Finest Hour 157, Winter 2012-13

Page 54

By Robert Worcester


Ambassador to the Court of St. James’s The Honourable Louis Susman, in his first formal address after his appointment, told the Pilgrims Society in London: “In war and peace, in prosperity and in time of economic hardship, America has no better friend and no more dependable ally than the United Kingdom.”

And again:
“Our nations are deeply rooted in our enduring values of democracy, rule of law and tolerance; a shared history, culture and language, and a mutual ability and willingness to bring real diplomatic, financial and military assets to the table for joint action to promote and defend our common interests….While the United States of America—and this Ambassador—has many priorities, my principal priority will be to strengthen and nourish this Special Relationship, which is so critical to the United States.”

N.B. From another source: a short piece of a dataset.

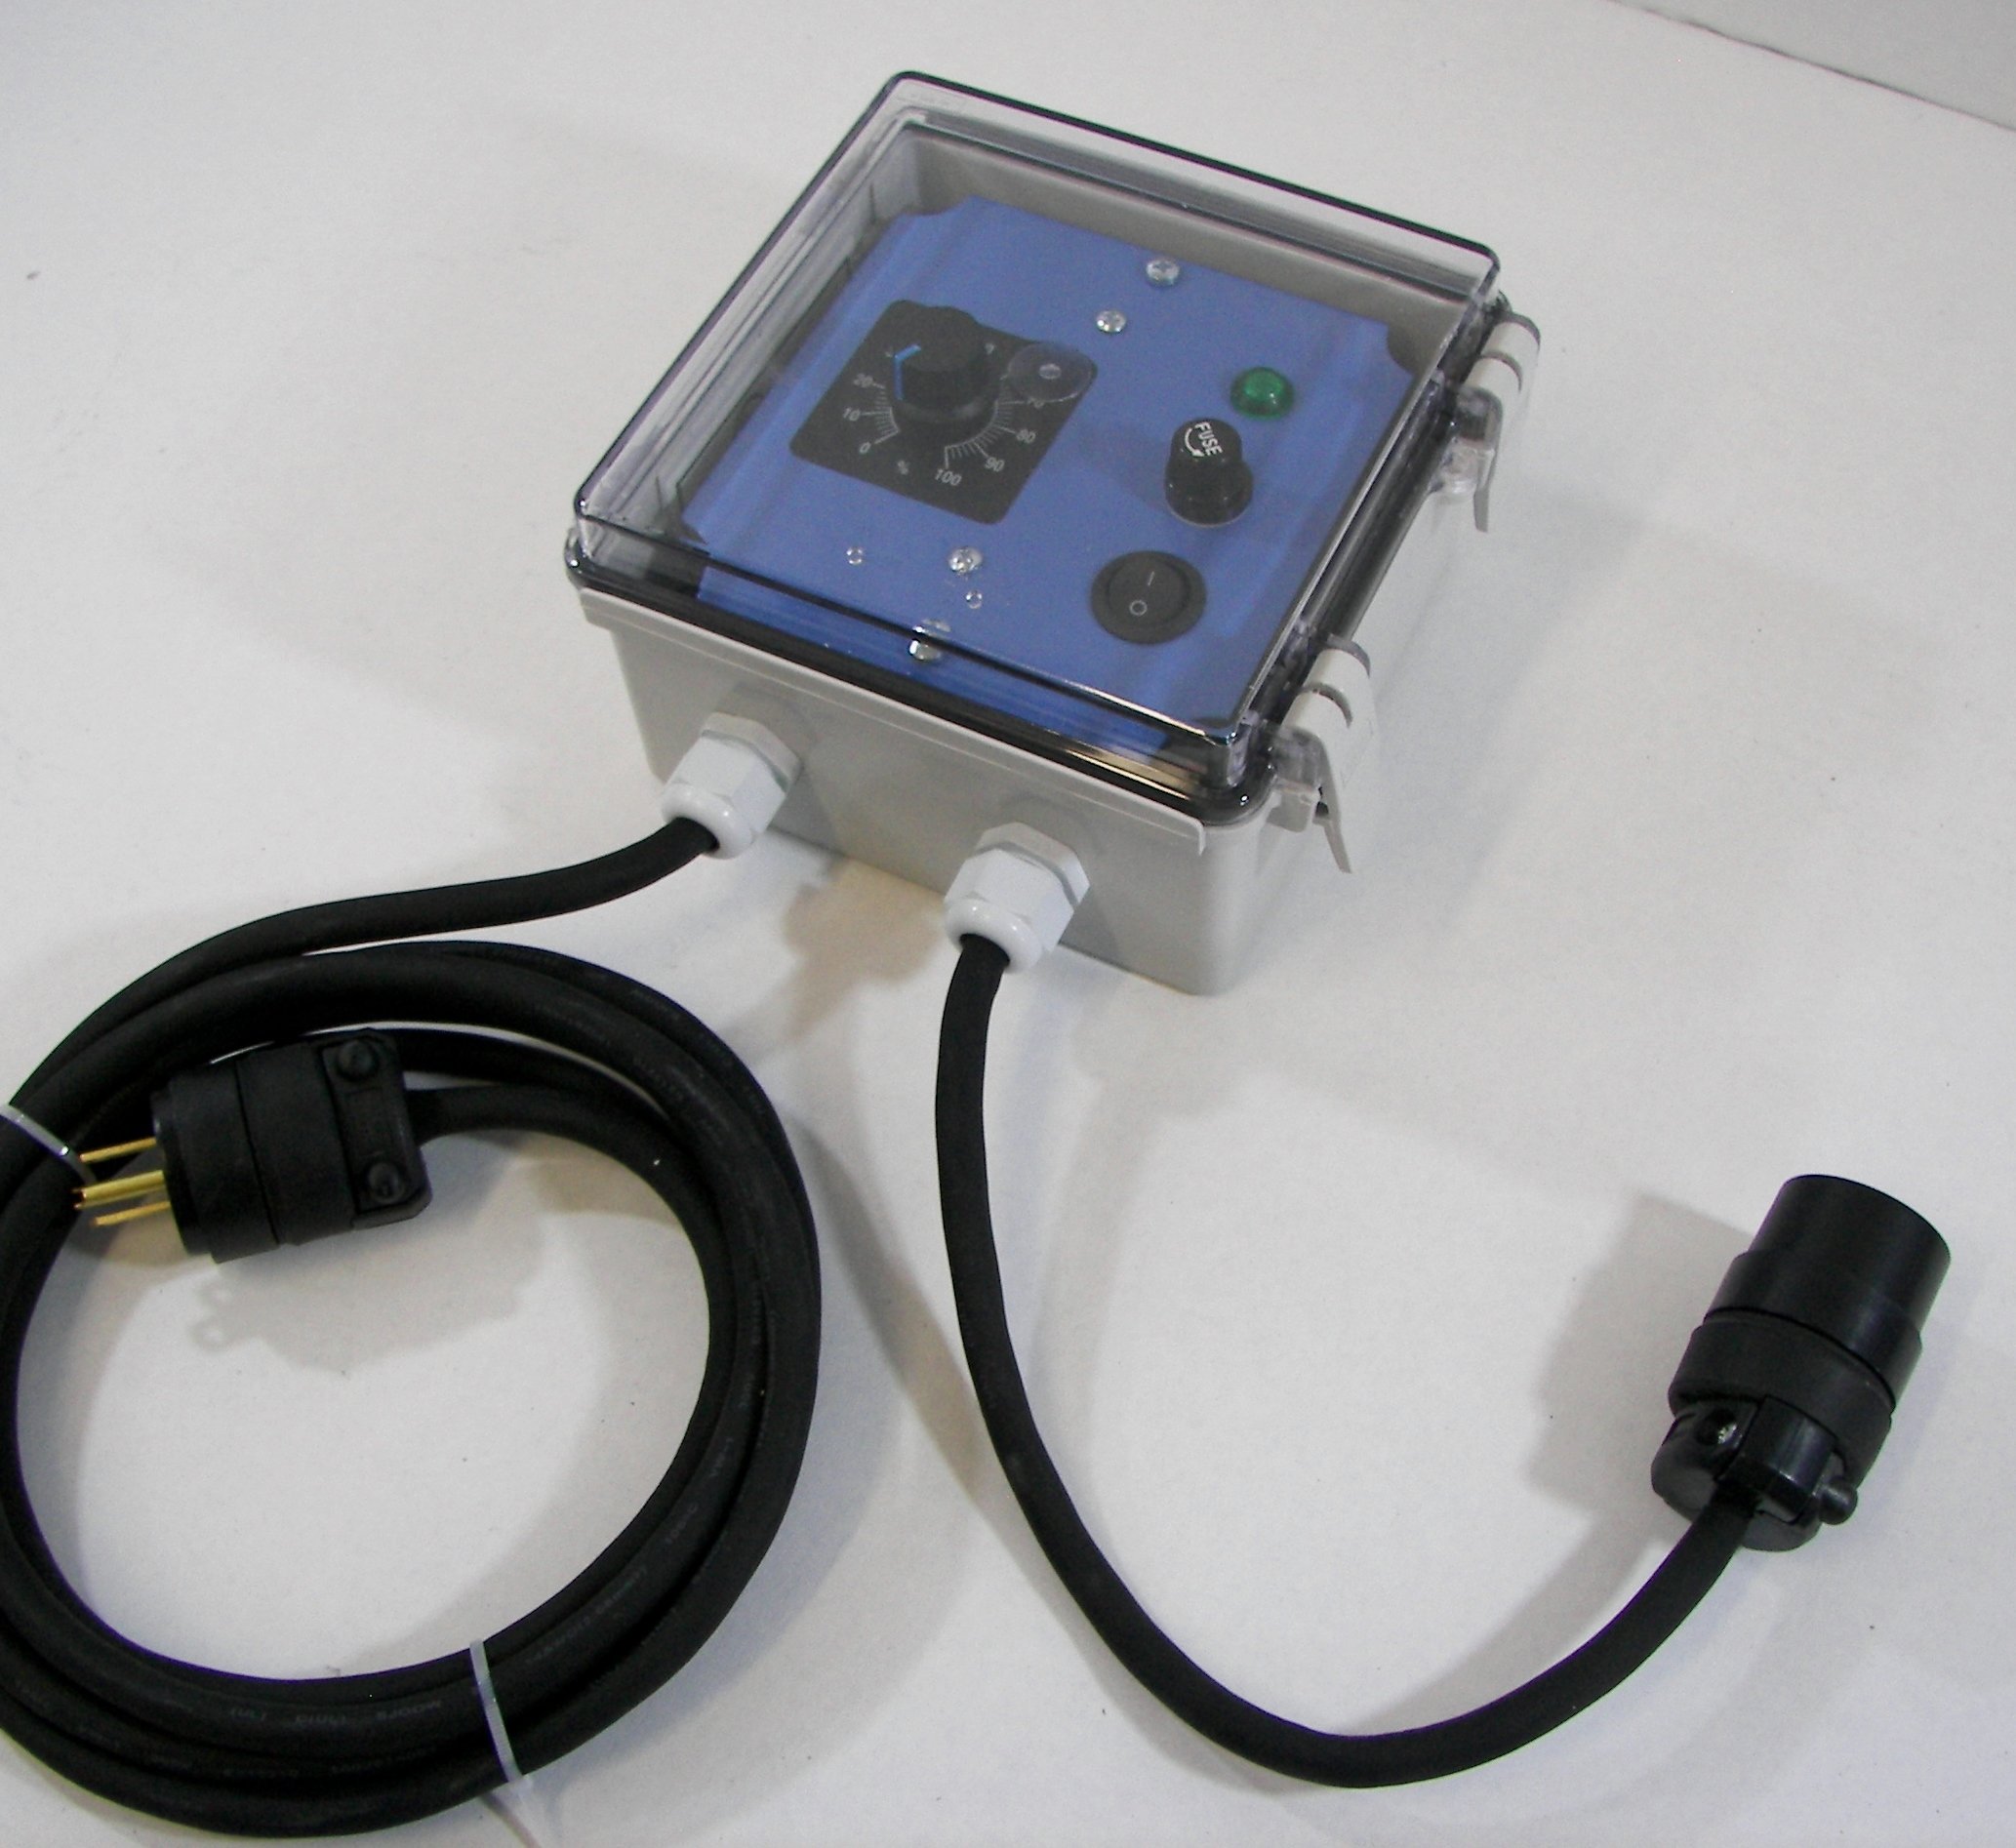 Benchtop Thermocouple Temperature Meter

In a joint article on 24 May 2011, President Obama and Prime Minister Cameron pointed to the close relationship between our two countries, saying it is vital beyond Britain and America:

When the United States and Britain stand together, our people and people around the world can become more secure and more prosperous.

And that is the key to our relationship. Yes, it is founded on a deep emotional connection, by sentiment and ties of people and culture. But the reason it thrives, the reason why this is such a natural partnership, is because it advances our common interests and shared values.

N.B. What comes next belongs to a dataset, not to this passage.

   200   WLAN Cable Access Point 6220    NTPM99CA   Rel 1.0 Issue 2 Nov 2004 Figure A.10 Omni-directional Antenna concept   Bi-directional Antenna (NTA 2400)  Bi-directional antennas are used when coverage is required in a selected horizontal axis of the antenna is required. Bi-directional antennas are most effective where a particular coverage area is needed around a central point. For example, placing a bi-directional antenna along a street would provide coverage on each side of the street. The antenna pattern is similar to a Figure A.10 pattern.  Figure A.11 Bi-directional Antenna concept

It is a perfect alignment of what we both need and what we both believe. And the reason it remains strong is because it delivers time and again. Ours is not just a Special Relationship, it is an essential relationship—for us and for the world.

On the following day, addressing both Houses of Parliament, after the introductory pleasantries, the first point the President made was this: “Our relationship is special because of the values and beliefs that have united our people throughout the ages. Centuries ago, when kings, emperors, and warlords reigned over much of the world, it was the English who first spelled out the rights and liberties of man in Magna Carta.”1

Pause and think a moment. Here was the President of the United States giving one of the defining speeches of his Presidency, about human rights and the rule of law, and his very first point of reference is his reference to the Special Relationship, with its roots in Magna Carta, sealed at Runnymede on 15 June 1215, nearly 800 years ago.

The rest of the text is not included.